Personal Filmmaking and Spectacle in a Music Video: A Director’s Essay.

By Sean McCarthy

When I first was approached to take on “Moving Out” as a project to direct, I was equal parts intrigued and apprehensive. Having been involved in many music videos, I didn’t want to repeat myself visually, nor was I interested in shooting a straight forward performance video. A lot of my previous work skews towards the lurid, having always had a fascination and penchant towards darker themes.  At the time, I was going through a very personal, intense period in my life. I was watching someone I loved in pain, and consequently I was experiencing a deep pain myself. I emerged through this darkness in my life with a newly profound understanding of beauty and love. This very personal breakthrough, coupled with not wanting to professionally repeat myself, led me to the decision to create something bright and beautiful.

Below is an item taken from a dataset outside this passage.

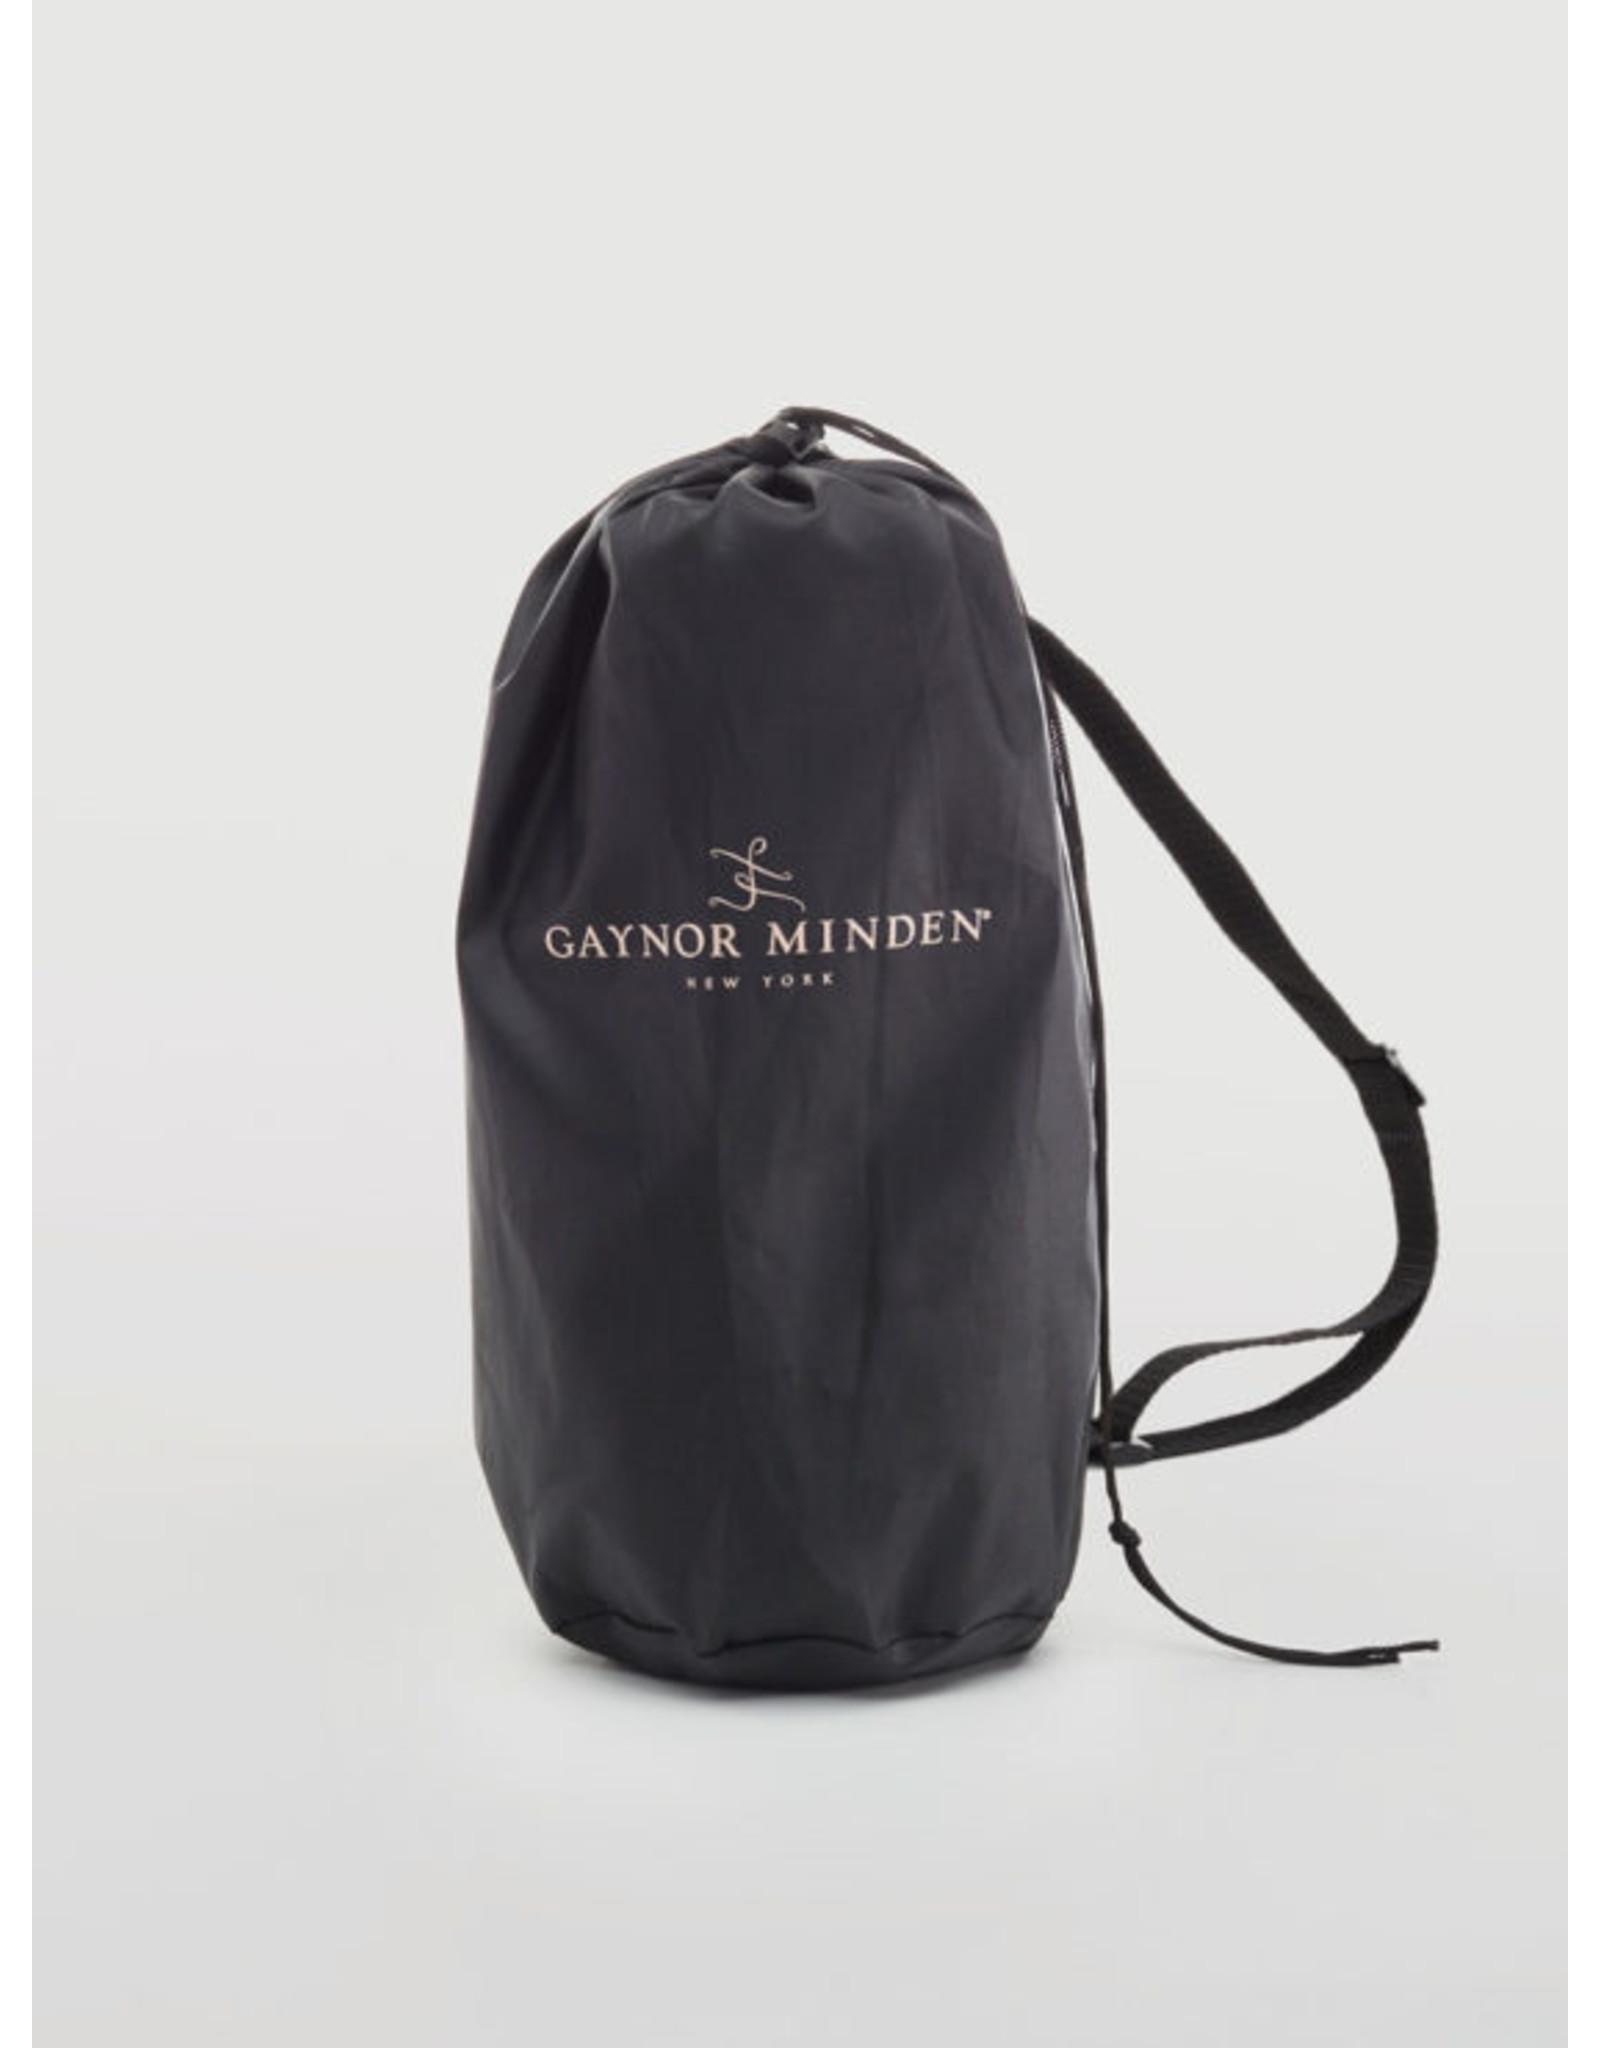 Gaynor Minden Gaynor Minden Roller Kit (TA-R-113)

Cassandra’s song “Moving Out” spoke to me on an instinctual level, and I immediately felt I could do the song justice by not only addressing the song’s themes, but connecting them with my own personal experiences. And so I set forth with a specific, epic vision in my mind, one bursting with luminous visuals but telling a quite simplistic tale of love lost and found. My idea was to tell the story of a girl’s journey through her own head, represented by an art gallery whose paintings all reveal and bring to life her the depths of her subconscious: inner fears, neurosis, and memories. The different styles and selections of artwork depict the various facets of her mind, where colors and textures clash and meld to lead her on through her trek. I wanted this to be cinematic, magical, and a love letter to creativity and exploration of our universal need for love and connection. An enormous amount of time, energy, and thought were needed to execute what I envisioned in my mind’s eye. As a cinephile and admirer of many prolific directors, I’ve sought many great works to learn, from my formative years to the present. From David Fincher and Mark Romanek, to Spike Jonze and Michel Gondry, the creative stamp and ambition they each implemented into their music videos was brilliant and rare. Their inspiration stays with me to this day and helped me in my quest to create something unique of my own.

Dating back to the birth of silent cinema, the daring work and flair of George Melies and the other masters were, essentially, music videos: moving images set to live music. From The Lumiere Brothers’ pianist performing live to their first public screenings in 1895, to film companies promotions of Elvis and The Beatles in the 50’s and 60’s, to the birth of MTV on August 1, 1981. Music, moving imagery, and storytelling have been married from the beginning.

Music intertwined with cinematic storytelling is a greatly rich tradition I wanted to embark upon. In order to take that journey, I’d need an army of daring cohorts willing to take a leap in the name of  creative exploration; artists willing to push their skill sets both creatively and technically. So with a rag tag team of innovators and craftsmen/women, we set out to climb Mount Everest with little resources other than a willingness to make something of which we could be artistically proud.

Achieving this feat required, among many challenges, the creation of different worlds each with their own aesthetic styles. Each world stands for a different state of her past which still lingers in her present. The more she tries to break free or her former self, the more she is confronted with her former failures in love. I based this struggle off the lyrics in the song, dealing with the battle to follow her heart instead of her head. I wanted the band members to be married to a section of the art gallery representing the memories of her relationships with them. Bassist Sean Chapman was the first love–young, crazy, and passionate. The work of Jackson Pollock with the volcanic paint still forming and coming to life instinctually felt right and visually interesting to set us off in the journey. The drummer, Chris Mayrena, was in line with the photographic work of Ansel Adams, and the impressionistic work of Claude Monet. He represented a dark and toxic relationship; someone whom she should never have been with but could also not break free. Guitarist David DeMuth was the last and most heartbreaking relationship from her past. Losing this love was true heartbreak and for that I harkened to a Cubist approach, drawing inspiration from the works of Pablo Picasso and George Braque, among others. The shattered cubist imagery mirrors her own broken heart. And finally, the creature. This character acts as her rabbit down the hole, taunting her and leading her on the journey to face herself. Since the piece was already so visual fx heavy, I wanted the creature to be practical and more in line with my nostalgic love of the work of Jim Henson. I worked with creature designer Dan Hauck to bring to life one of my childhood fantasies, in turn bringing something magical yet organic and raw to the piece.

In the end, I can say my team at Guerilla Wanderers and I are very proud of this work. No one person makes a film on his/her own, it’s the love and passion of a group of people working together to create. I am truly honored that so many people contributed their talents to bring my vision to life. If you want enjoy it as a fun, vibrant spectacle, it’s there in the form of a visual treat for the eyes. If you want to search for deeper, hidden meaning behind the images, you can find that too. The work is meant to be appreciated in anyway the viewer chooses, as my intention is to entertain as much as to explore the nature of our constant search and need to hold onto the ever mysterious, elusive feeling called love.